[Dataset content]
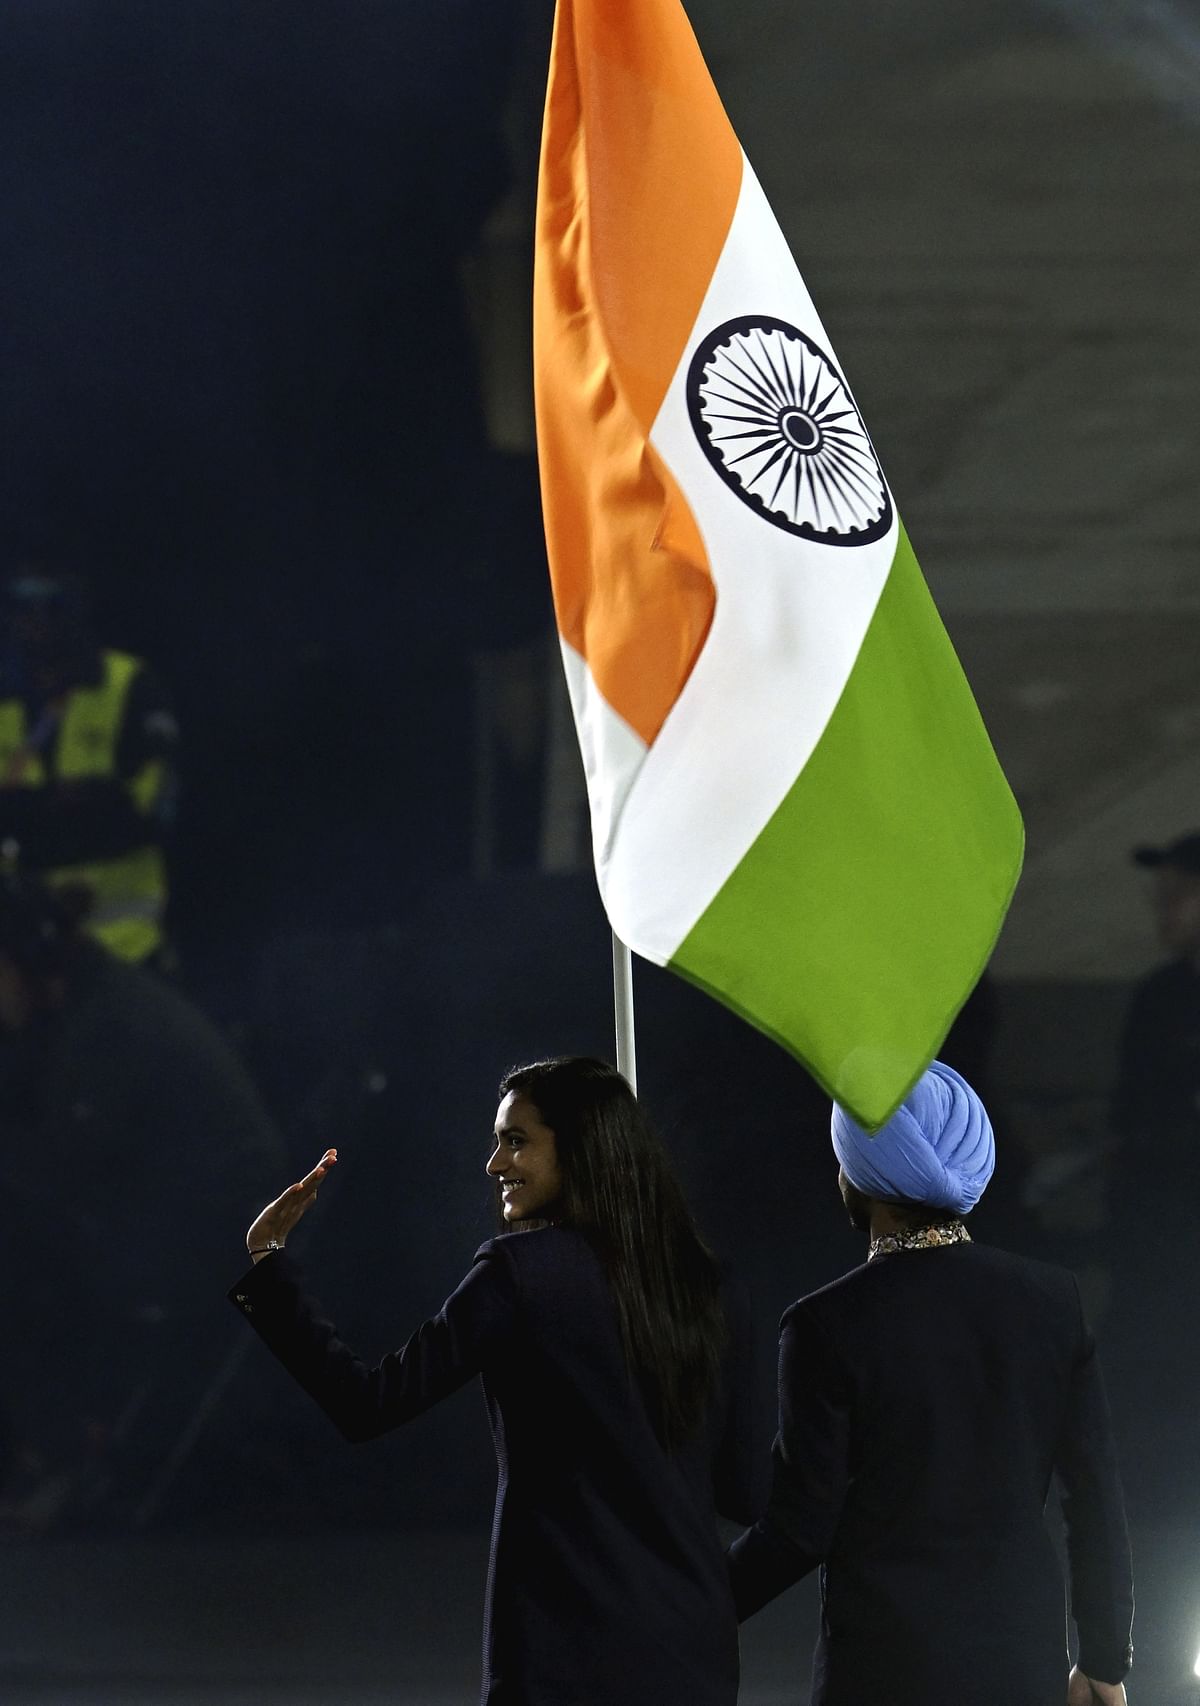 CWG 2022 got underway with a glittering Opening Ceremony on Thursday night. 
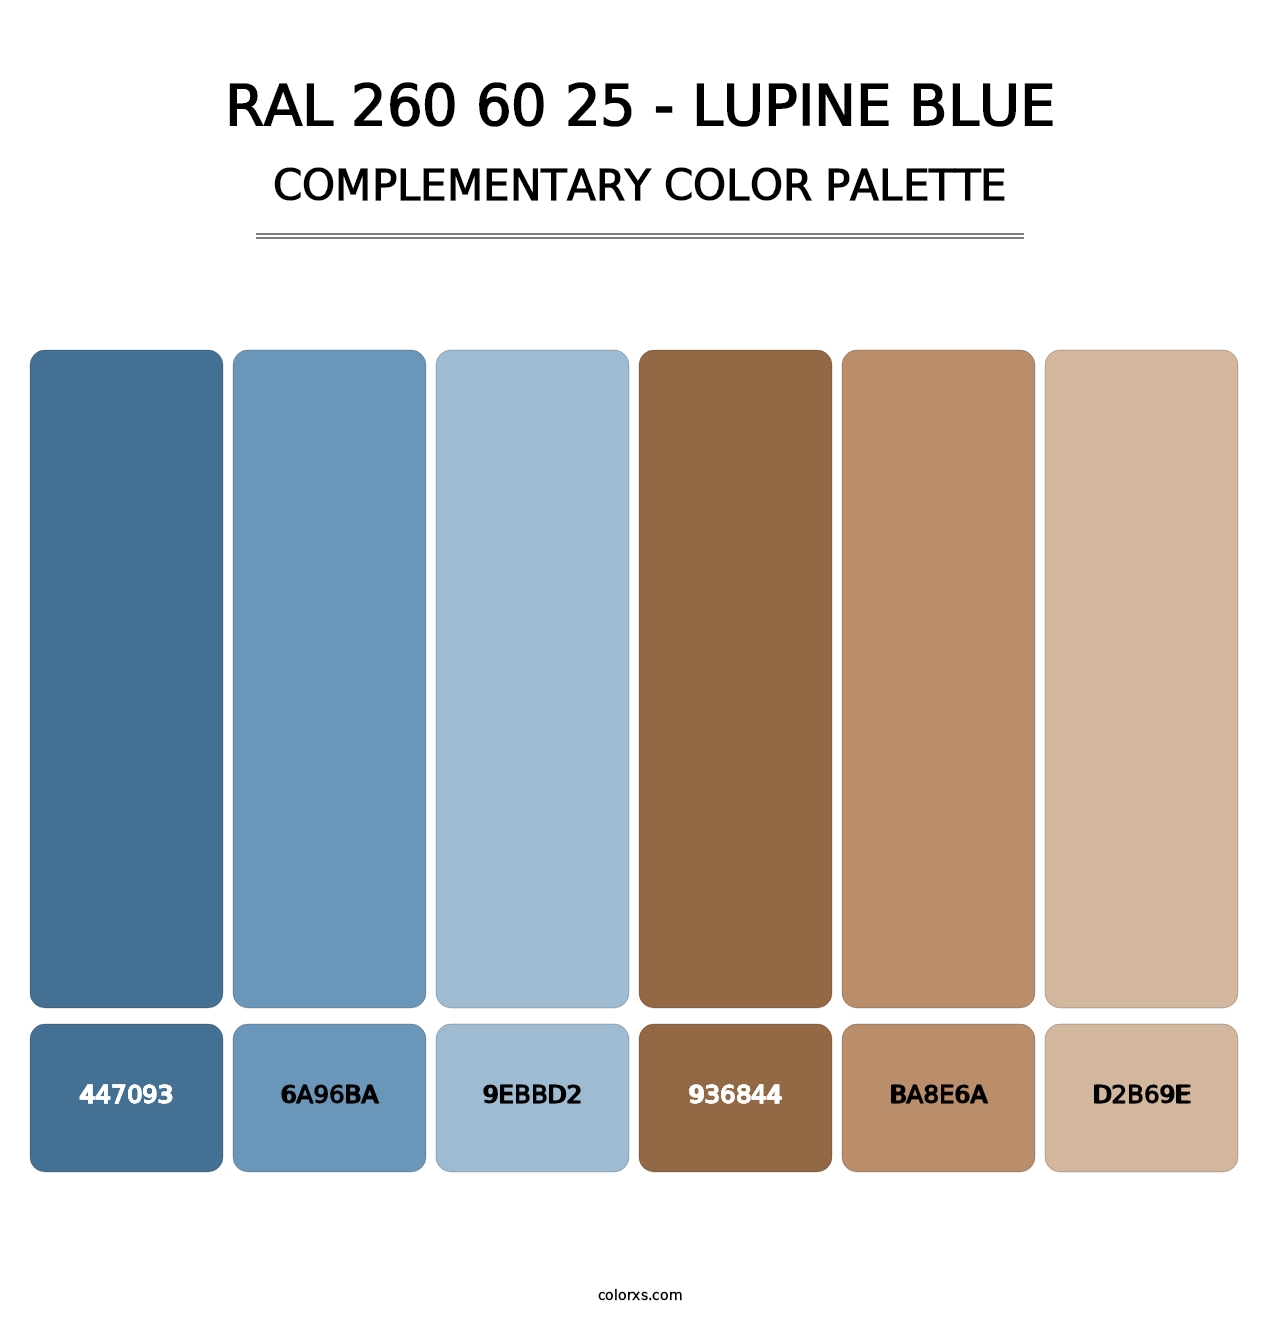 RAL 260 60 25 - Lupine Blue - Complementary Color Palette
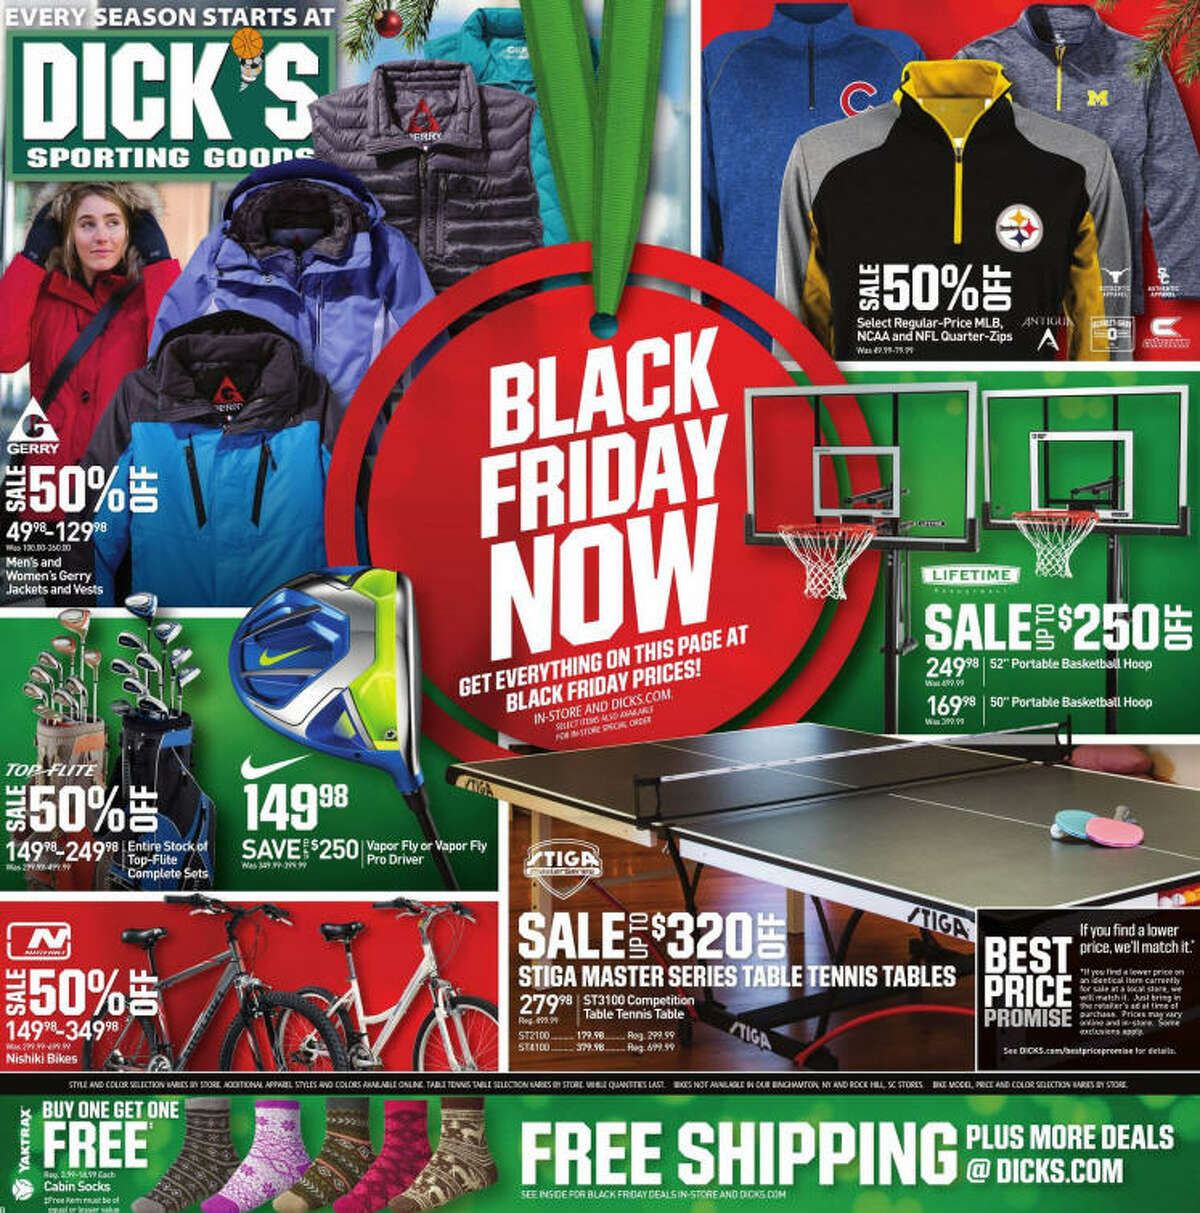 Dicks Sporting Goods Black Friday 2016 Deals You Can Shop Now

[Exercise requirements]
What you hand back should match the listing exactly, except that no pictures appear.

[Output for this exercise]
 CWG 2022 got underway with a glittering Opening Ceremony on Thursday night. 
 RAL 260 60 25 - Lupine Blue - Complementary Color Palette
 Dicks Sporting Goods Black Friday 2016 Deals You Can Shop Now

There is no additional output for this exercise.